その柄は、”H”。そう、本田圭介はコイントスに勝利していたのである。

「私の高笑いやチューブから静脈に迫る液体とそれに対する焦り、それで自分が負けたのだと勘違いしていたんだろう。実はな、お前に投与したのは少量の麻酔だけだ。大体、現代の医学技術で”感度上昇剤”など作れるものか。とんだ淫乱MFだな」

そう、彼は感度上昇剤などという嘘を信じ込み、ただ爪で掻かれただけでカウパーを垂らしていた、滑稽な淫乱真人間だったのだ。

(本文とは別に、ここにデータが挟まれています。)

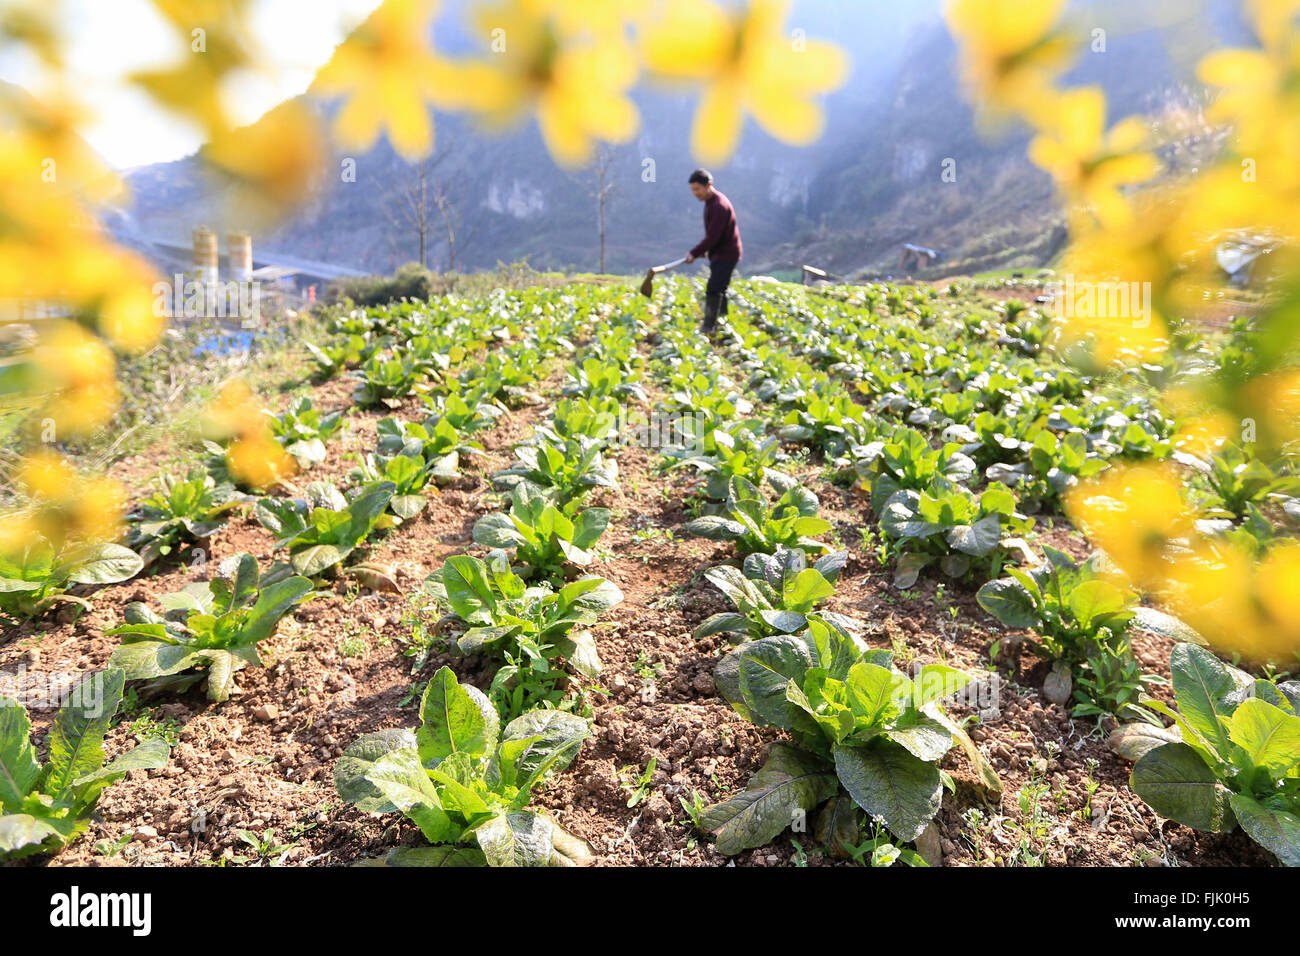 Qiandongnan. 1 de Mar, 2016. Un agricultor trabaja en los campos de Yuangu Township, en el suroeste de la provincia de Guizhou en China, 1 de marzo de 2016. La primavera regresa a la tierra como el clima mejore. © Wu Jibin/Xinhua/Alamy Live News Foto de stock

「あのチューブは二層構造になっていてな、実は外側は静脈に繋がっていない。そこに着色しただけの水を流していたに過ぎないのだ。」

そんな単純な罠に騙されて、あんな風に善がり狂っていた自分を悔やむ……

 

 

 

............ことはなかった。彼は既に快感に狂った変態淫乱MFに仕上がっていた。感度が何倍だろうと、理性を自ら破壊した人間は、もう元には戻れない。

 

 

 

「本気で反抗するつもりならこんな茶番、秒で見破れただろう。それが出来なかったのは、お前が『本能的に快感に貪欲な変態』だったからさ。お前はこの状況を、快感に堕ちるまでの過程までをも、深層下で望み、受け入れ、そして愉しんでいたんだ。”H”のコインを選ぶような潜在的変態マゾ男には、これがお似合いの末路だな!」

 

 

 

腰を振り続ける一匹のメスの水音と喘ぎが、延々と一室に響き続ける。

その声に、もはや意味など存在しなかった。